Cosco has forecasted that 2017 will be a better year for the overall market than 2016 due to seeing positive signals in demand.
Many other carrier lines have forecasted freight rates to increase in 2017.
However, the market is still proving volatile as recent events have seen Orient Overseas (International) Limited (OOIL), the Hong Kong-listed parent of carrier line OOCL, announce its worst full year results since 2009 and Hanjin Shipping declared bankruptcy due to a prolonged downturn in rates caused by overcapacity and a slowdown in global trade.
COSCO has gone through restructuring, selling units at a loss and prioritising container shipping since becoming a new company last year, born out of the merger of two major domestic shipping firms, making year-on-year comparisons difficult.

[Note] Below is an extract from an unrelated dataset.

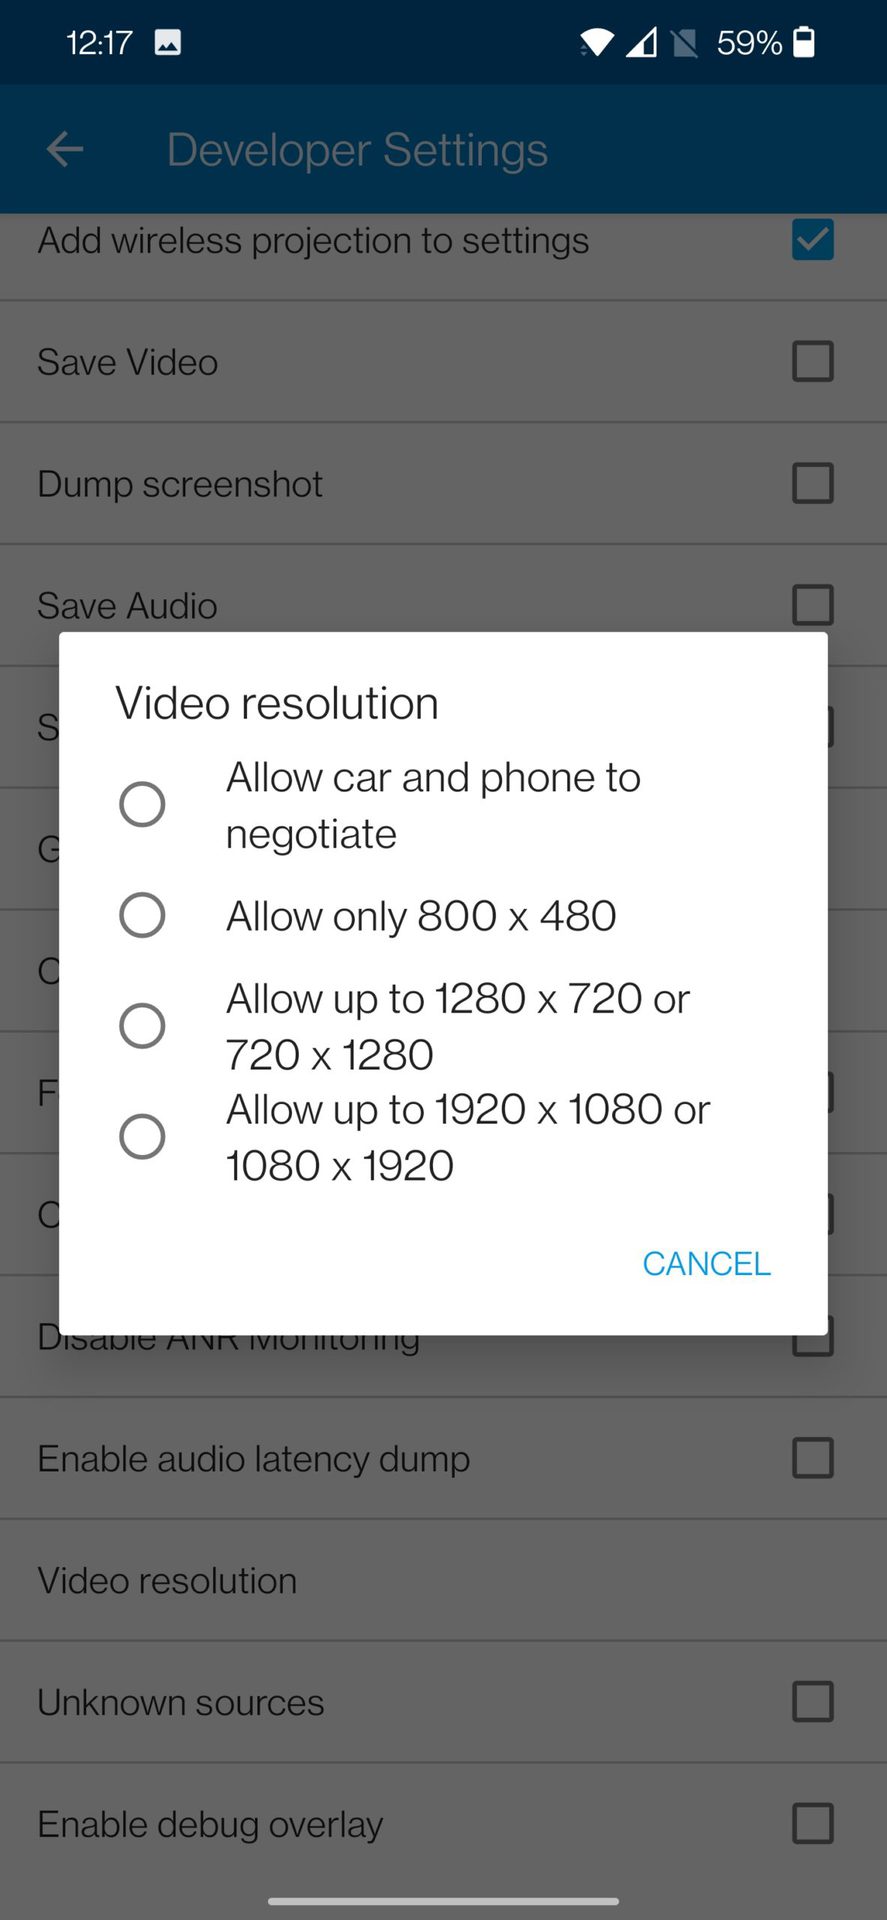 developer settings video resolution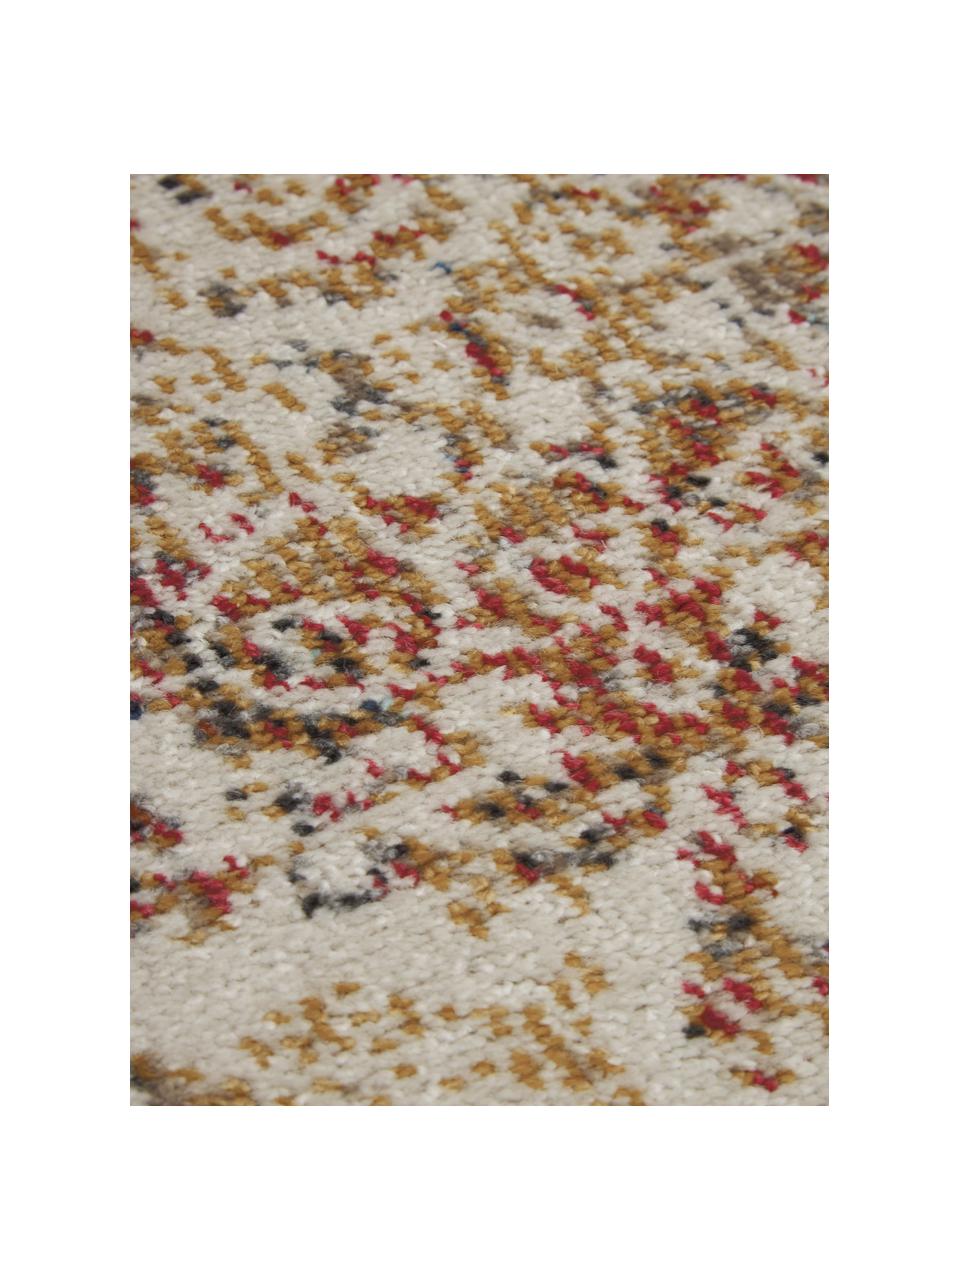 Runder In- & Outdoor-Teppich Dana im Vintage Style in Mehrfarbig, 100% Polypropylen, Mehrfarbig, Ø 120 cm (Grösse S)

Considered one of the most complicated deals in the history of China’s capital market, Cosco was formed last year following a $8.7bn merger between Cosco and China Shipping – two of the biggest state-owned shipping conglomerates.
Cosco will become part of the Ocean alliance with France's CMA CGM, Taiwan's Evergreen Line and Hong Kong-based Orient Overseas Container starting from tomorrow April 1.
It will be the largest alliance in shipping history when it launches in April 2017, battling with THE Alliance and the 2M Alliance.
However, the new alliances will not guarantee security for ocean carriers as the market is experiencing lower demand.